En ce qui concerne la médecine du travail, les congressistes ont noté que les tests relatifs à la nomenclature des maladies professionnelles doivent être révisés. C’est pourquoi, a-t-elle souligné, ils sollicitent la mise en place d’une commission nationale pour l’élaboration ou la révision des tableaux des maladies professionnelles, le  renforcement d’un cadre de concertation et d’action commune entre les acteurs au niveau central. Le soutien à la formation des médecins de travail pour le renforcement de la capacité, la mise en place d’un laboratoire de médecine de travail unité de pathologie professionnelle.
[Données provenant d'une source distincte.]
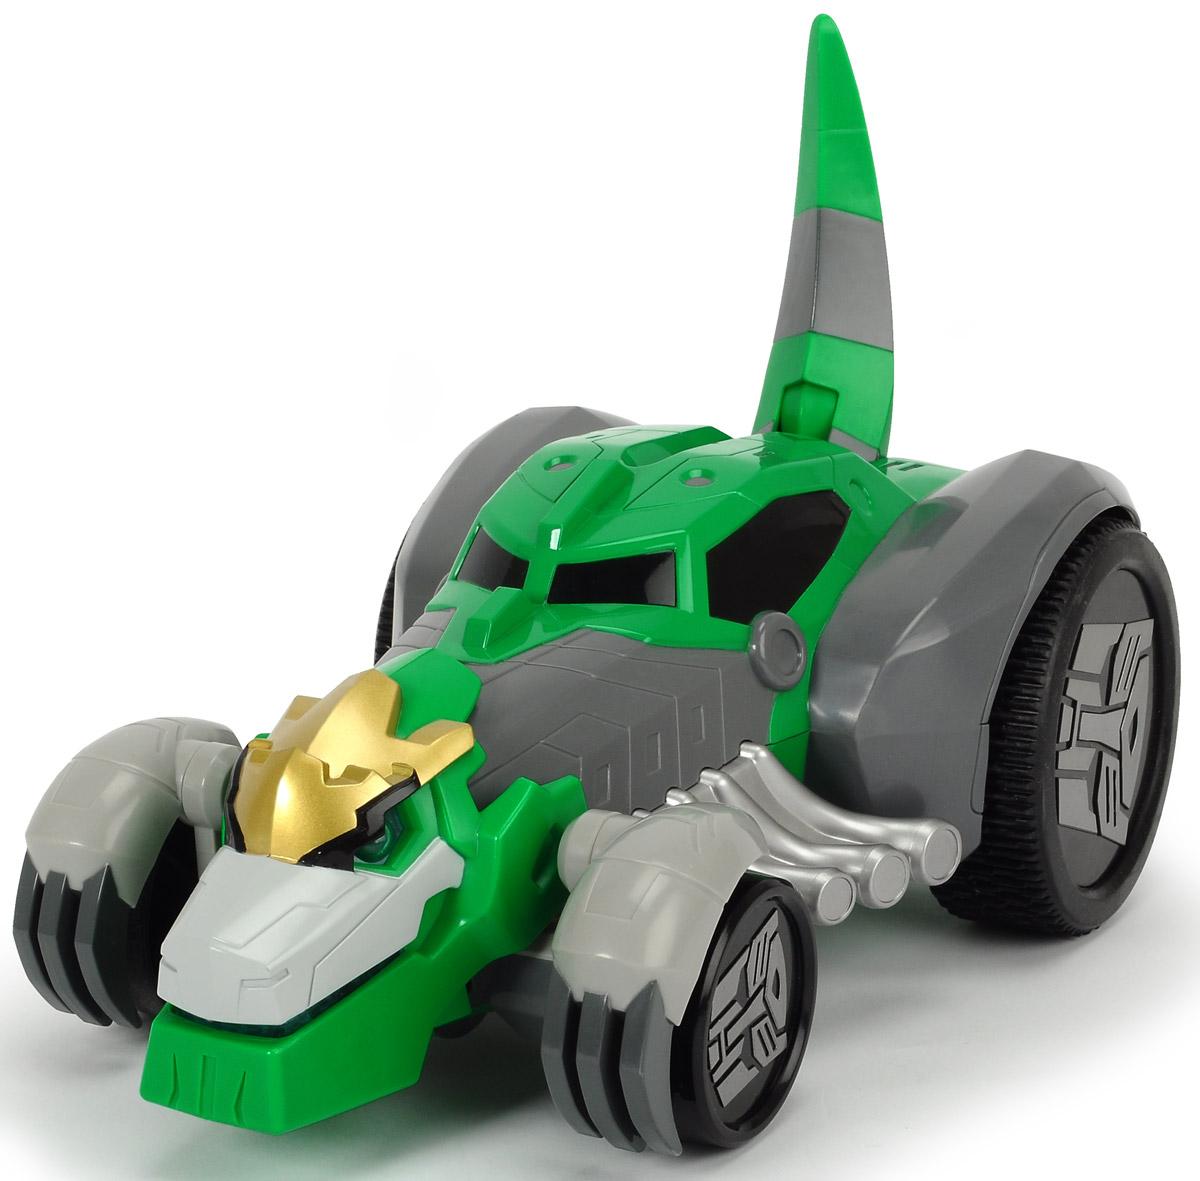 """Машинка-трансформер Dickie Toys """"Grimlock"""" - это необычная машинка, которая с помощью одной кнопки превращается в трансформера- динозавра Grimlock из мультфильма """"Трансформеры. Роботы под прикрытием"""". Главной особенностью персонажа этого популярного мультфильма по имени Гримлок была его трансформация из огромного динозавра в быстрый гоночный автомобиль, который не давал противнику шансов, уйти от погони. Теперь это настоящий боевой трансформер, который может ездить на задних колесах вперед и назад, налево и направо. Машинка имеет режим турбо, в котором достигает скорости до 8 км/ч. Пульт управления имеет световые и звуковые эффекты, а так же складывается и раскладывается. Время работы аккумулятора 30 минут, а время полной зарядки аккумулятора 120 минут. Машинка дополнена вращающимися колесами, диски которых украшены символикой трансформеров. Эта игрушка станет главным действующим лицом увлекательной игры, а ваш ребенок сможет придумать новую историю, проявив свою..."""
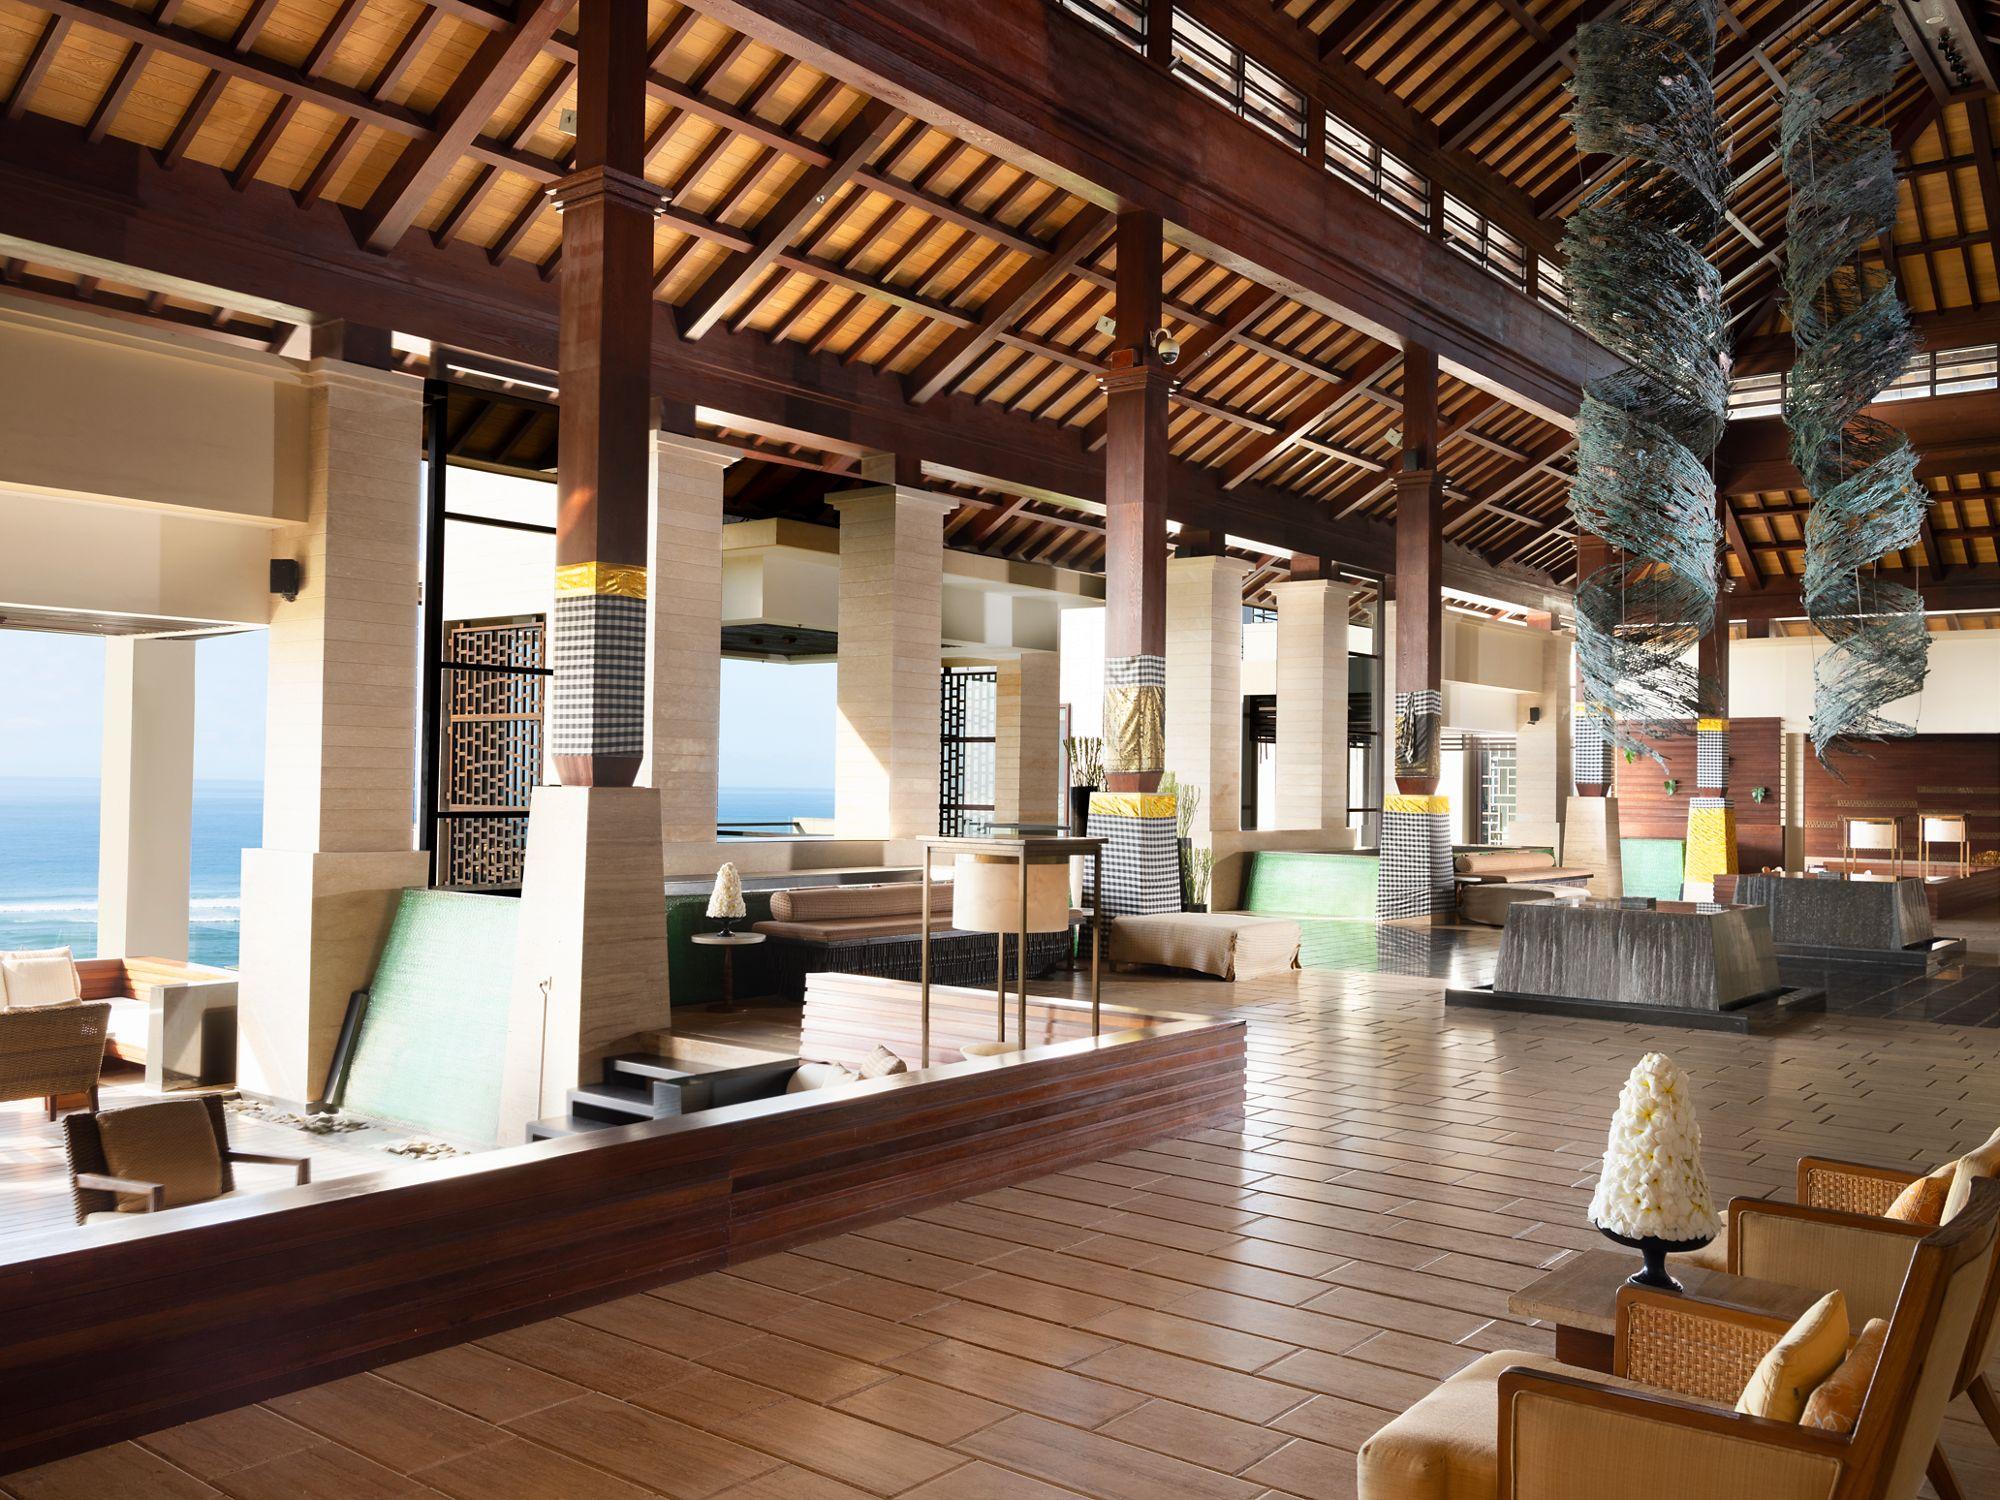 5 Star Hotels In Nusa Dua Bali The Ritz Carlton Bali

Enfin, les congressistes ont recommandé l’organisation périodique de ces genres de rencontres scientifiques tous les deux ans pour partager les expériences avec les collègues d’Afrique et d’ailleurs

Prenant la parole,  le président de la Société Guinéenne de Médecine Légale, de santé et Sécurité au Travail, Pr Hassane Bah a rappelé que les résolutions sont en parfaite adéquation avec les objectifs du congrès. Il s’agit de la problématique de la prise en charge des personnes victimes de violences sexuelles. «Les congressistes ont décidé à l’unanimité de renforcer les capacités de la médecine légale. Sur le plan de la médecine du travail, nous nous sommes rendu compte qu’il n’y a pas une nomenclature de maladies professionnelles. Et à ce niveau, nous avons décidé également de mettre en place une commission qui va plancher sur la mise en place d’une nomenclature sur la médecine du travail

Dans son discours de clôture des travaux, Thierno Hamidou Bah, chef de cabinet du ministère de l’Enseignement Supérieur,  de la Recherche Scientifique et de l’Innovation a affirmé que ce premier congrès africain de médecine légale permettra d’envisager le futur de ces différentes disciplines avec grandeur et optimisme. D’après lui, l’un des mérites de cette rencontre est précisément les échanges professionnels riches, fructueux et féconds des deux jours de travaux.